I was cited for a accident by a cop who was not at the scene of the accident when it occurred and came after the fact. She didn't cite me at the scene, but then she had a citation mailed to me. It was a 50$ lane change violation and the fact is I didn't change lanes. Now the insurance company has done it's investigation it has been determined that I am "50% a fault" so theirs no surcharge or points. I think they may have been conflicting whiteness's as that is the only time theirs 50/50 (<this is speculation). Anyways, I had requested transcripts from my insurance agency who interviewed one of the witnesses(s) and he said to the agent the he feels "it was ridiculous that I was cited," to further add to my evidence that I didn't change lanes. 

When I appeal this case will it be a easy win and the magistrate will rule in my favor on those two facts? Because doesn't the town police have to prove beyond a reasonable doubt that I must have changed lanes? Since the insurance company can't even determine fault; how is the officer able to. Neither were at the scene and both would have the same whiteness accounts and information to determine fault if the cop filled out the police report correctly.

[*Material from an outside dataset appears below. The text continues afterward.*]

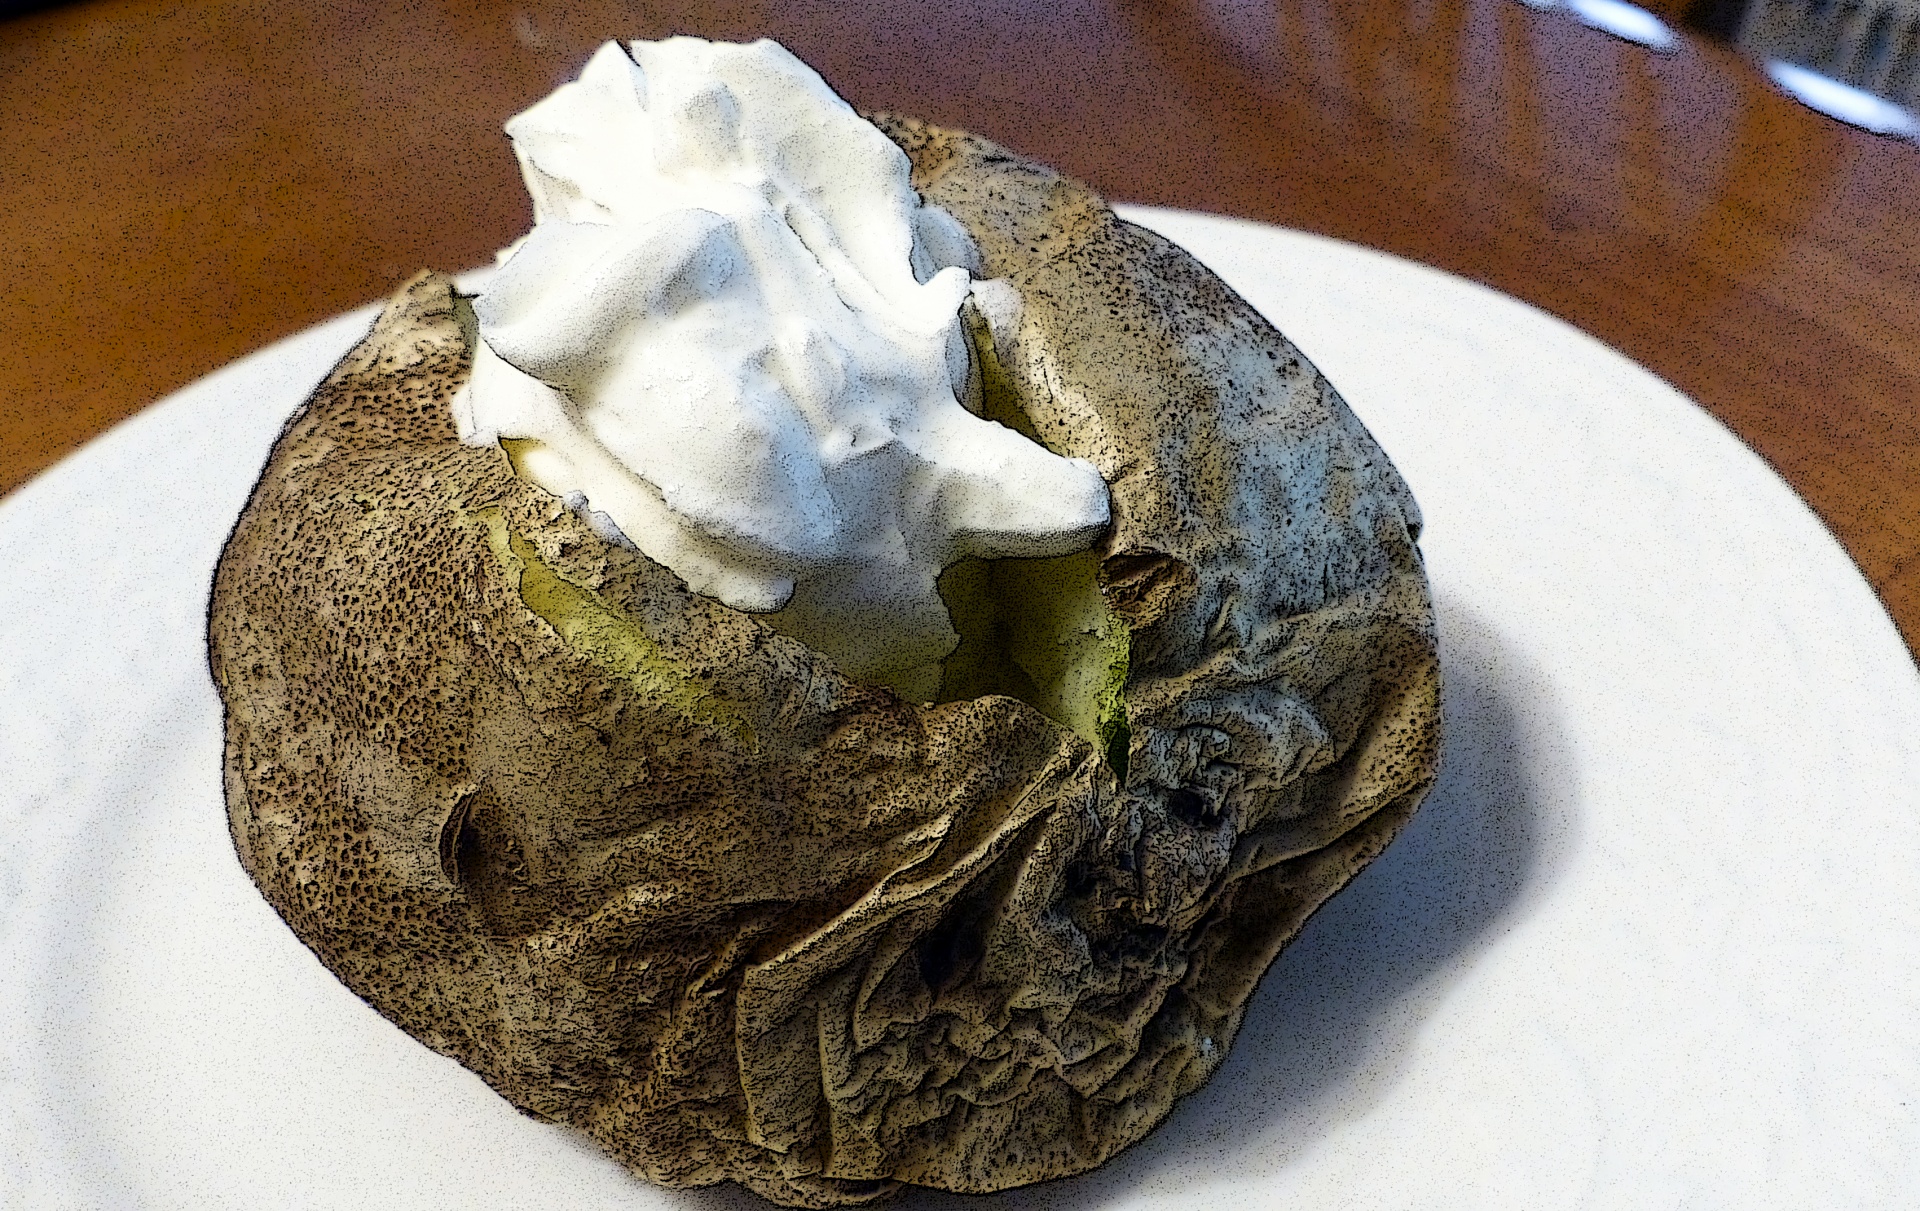 Baked potato and sour cream on a white plate
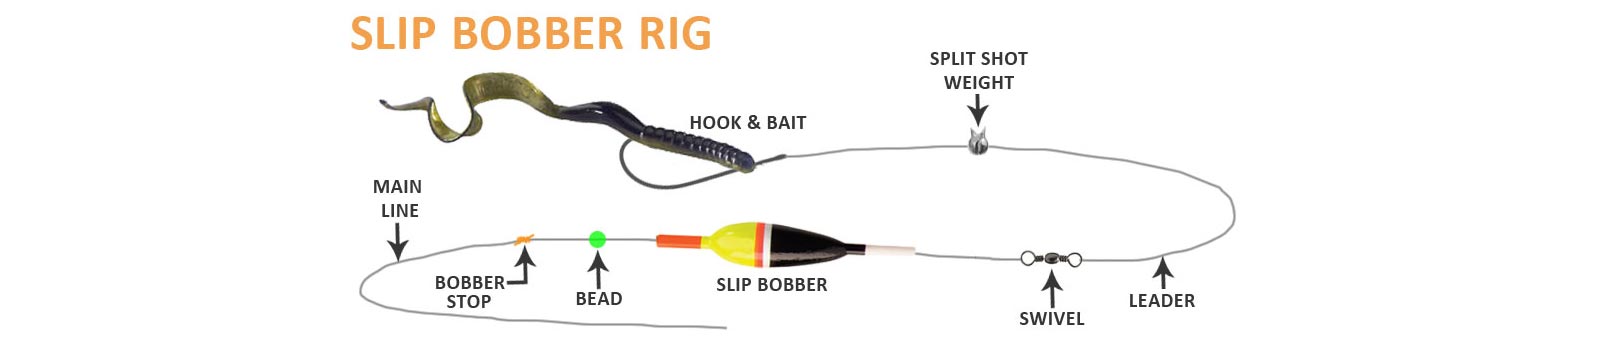 Thill Pro Series Slip Bobber Rigs Premium Fishing Float and Jig Kit Includes Lindy Snell with Swivel and Spinner Blade and Bobber Bug Jig or Tru-Turn Hook

This question is secondary to my main question, out of curiosity if a officer can't determine fault and both drivers as well as whiteness's have conflicting accounts such as if driver 1 and whiteness 1 say driver 2 changed lanes and driver 2 and whiteness 2 say driver 1 changed lanes is it possible to cite both drivers for the same driving violation?

thanks


----------



## kwflatbed (Dec 29, 2004)

If you can't bother to register go shit in your hat.


----------



## celticsfan (Dec 18, 2007)

Unregistered said:


> Iboth would have the same whiteness accounts


:jestera:


----------



## Boston Irish Lass (Feb 13, 2009)

You can spell magistrate but not witness? Maybe this is a case for Al Sharpton. Who knows, maybe you could get some money out of this too.


----------



## Harley387 (May 1, 2002)

Whiteness. LOL.


----------



## badgebunny (Aug 17, 2005)

I have a headache after reading your post...learn how to spell before you post something dumbass! And oh yeah register if you want to ask a question!


----------



## Sam1974 (Apr 8, 2009)

OMG i think my left eye popped out of my head while attempting to read your post!


----------



## PatrolDB (Jul 23, 2008)

I can't even read the fucking thing... You type worse then Menino speaks


----------



## kwflatbed (Dec 29, 2004)

Wolfman said:


> You may not win in court but you are in the Hall of *Flame* around here!


Fixed it wolfie


----------